Appeal by the defendant from a judgment of the Supreme Court, Queens County (Groh, J.), rendered November 29, 1988, convicting him of criminal possession of a weapon in the third degree and resisting arrest, upon a jury verdict, and imposing sentence.
Ordered that the judgment is affirmed.
The defendant was convicted of criminal possession of a loaded revolver and resisting arrest based on the testimony of a New York City Housing Authority Police Officer who observed and immediately apprehended him at the scene of the crime outside of an apartment house in Queens County.
The defendant contends that the trial court coerced the jury into reaching a verdict through an unbalanced supplemental charge. On the second day of deliberation, the jury sent a note to the Trial Judge which indicated that it was deadlocked 11 to 1 for conviction. The trial court then gave the supplemental charge in question.

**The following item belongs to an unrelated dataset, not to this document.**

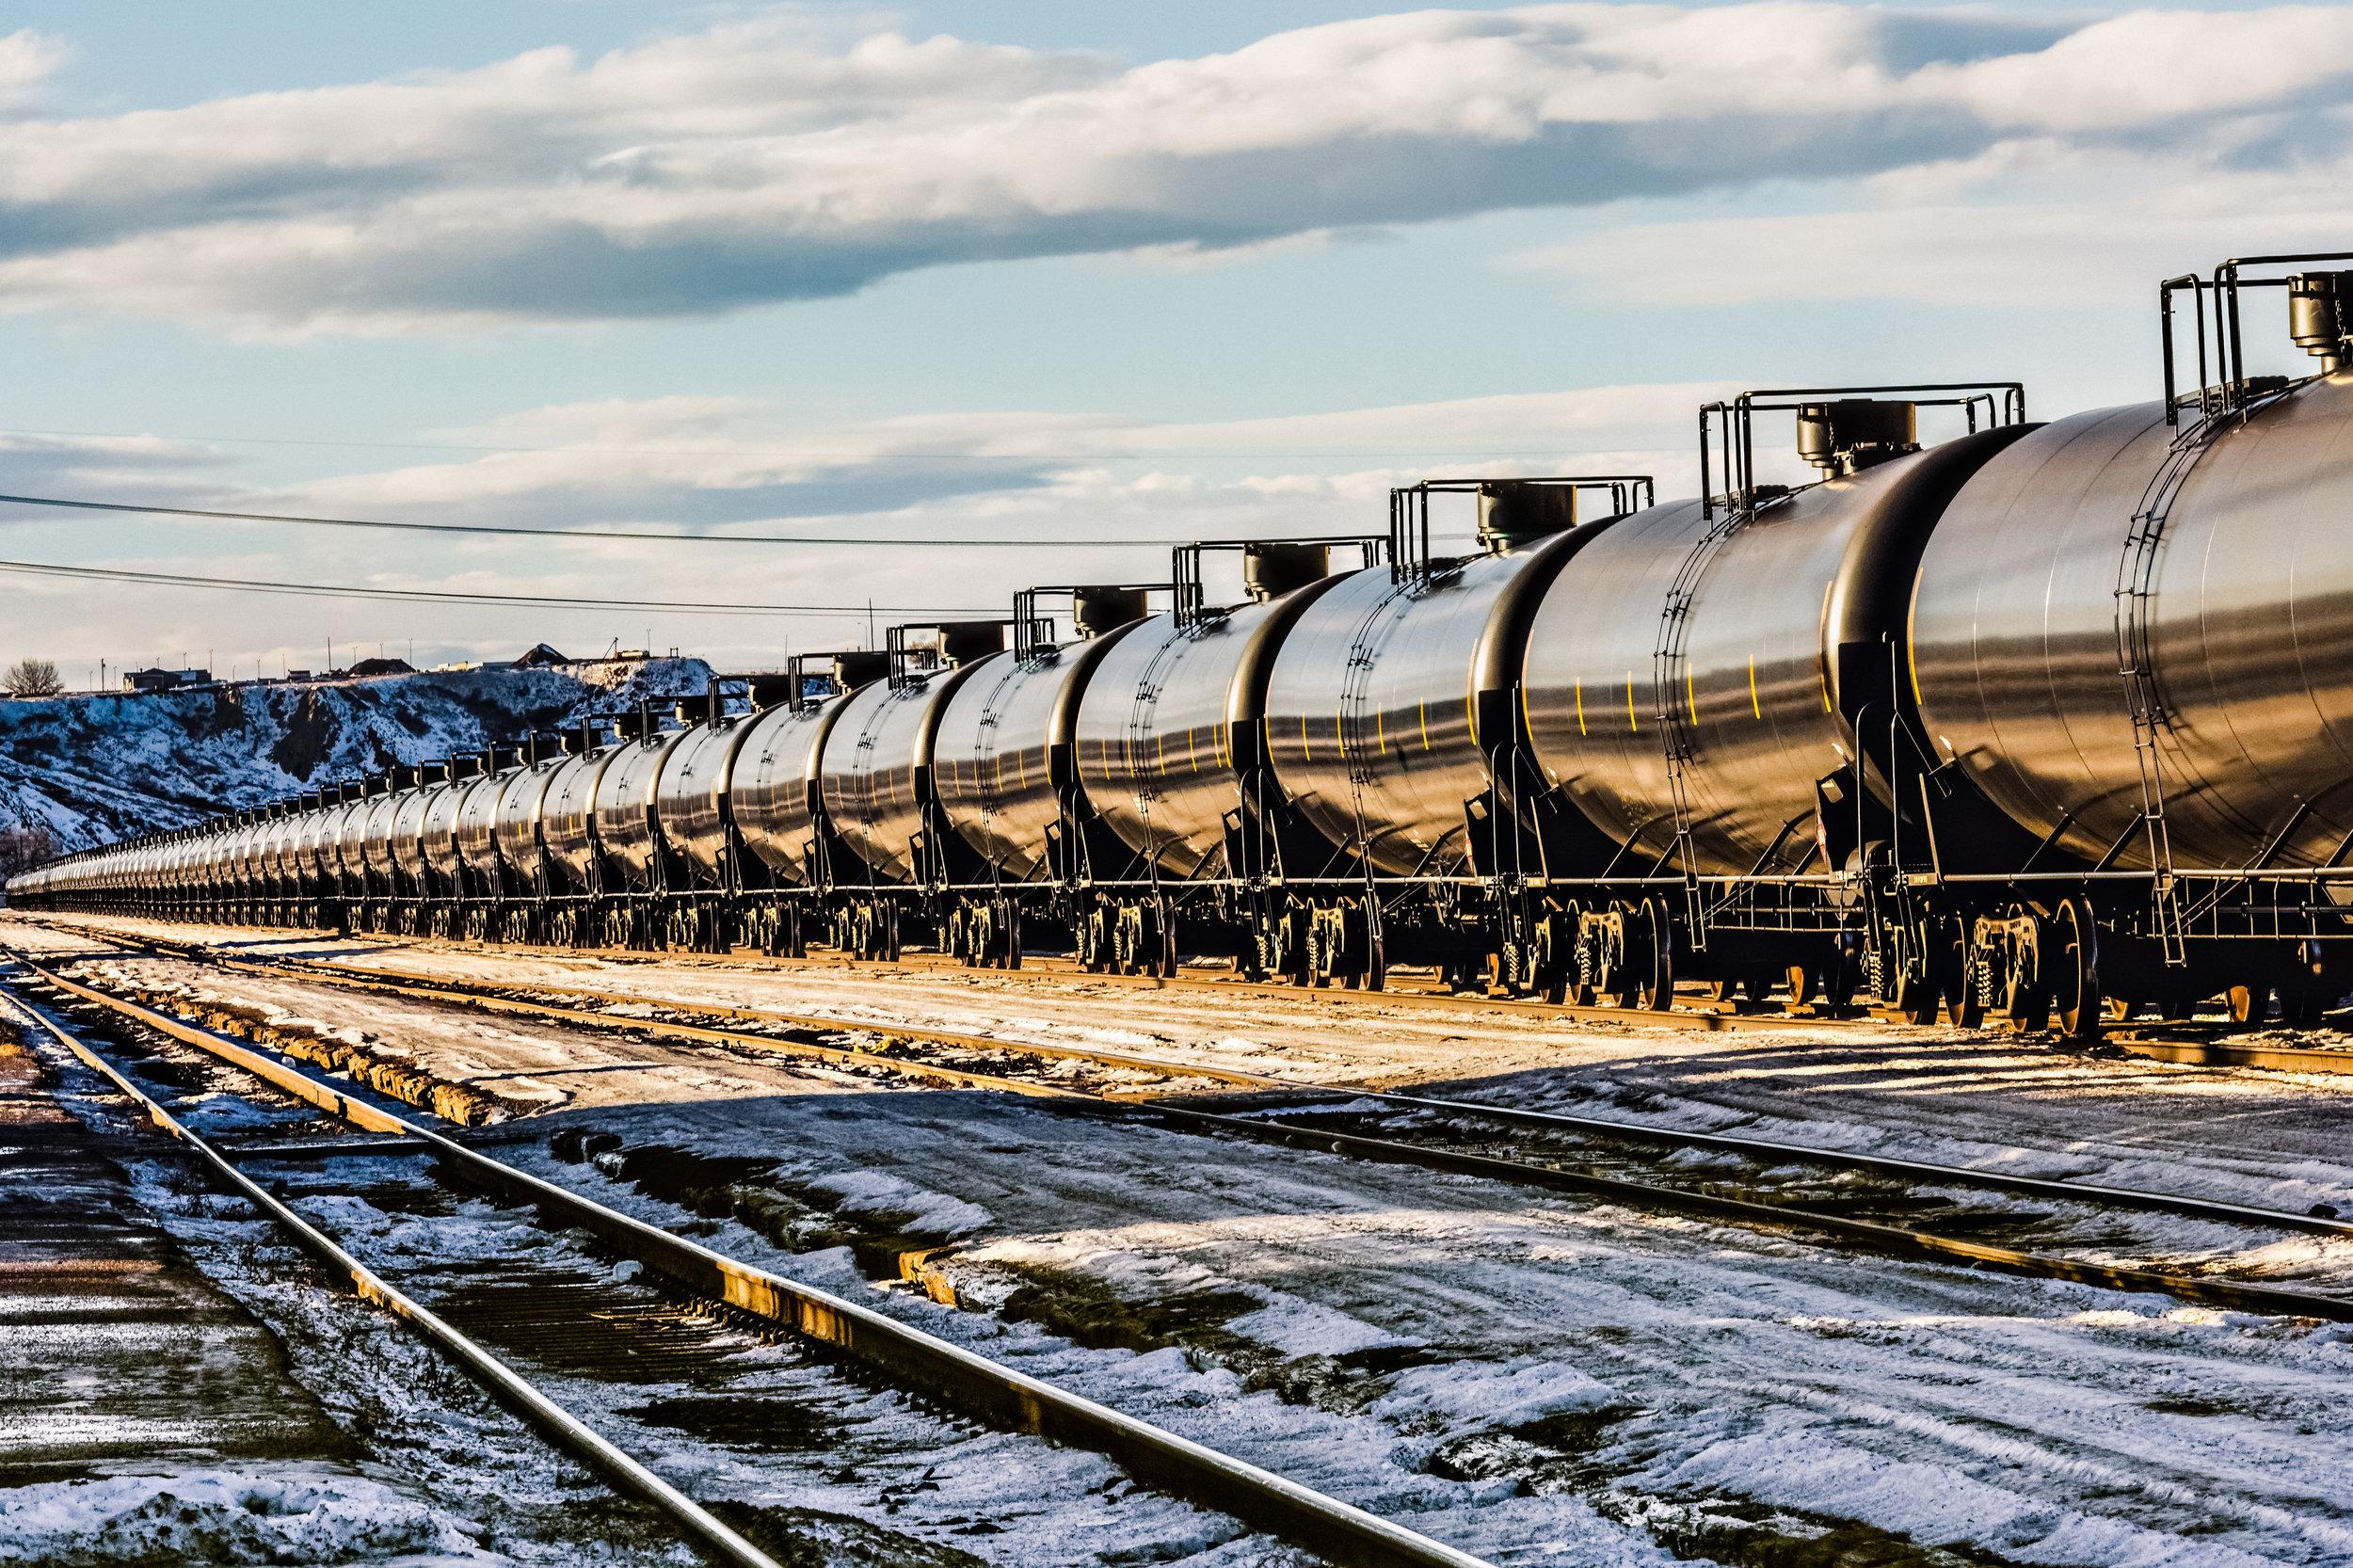 Oil-train-passing-through-a-Montana-railyard-from-North-Dakota-494906828_3869x2579.jpeg

The lengthy supplemental charge, taken as a whole, was addressed to the jurors in general, asking them to exert their best efforts and renew deliberations (People v Pagan, 45 NY2d 725). Although the court’s reference to a juror with a reasonable doubt may not have been ideal, the reference was sufficiently fleeting and vague so as not to disturb the over-all neutrality and lack of coercion of the charge (see, People v Jones, 148 AD2d 750; People v Stokes, 139 AD2d 428; People v *613Eley, 121 AD2d 462). Furthermore, any alleged coercion in the charge did not result in a precipitous jury verdict since the record shows the jury continued to deliberate and subsequently sought instructions on an additional element of the crime (see, People v Nieves, 124 AD2d 603, 607; People v Riley, 127 AD2d 458).
We have considered the defendant’s contentions regarding the excessiveness of sentence and find them to be without merit. Bracken, J. P., Hooper, Rubin and Miller, JJ., concur.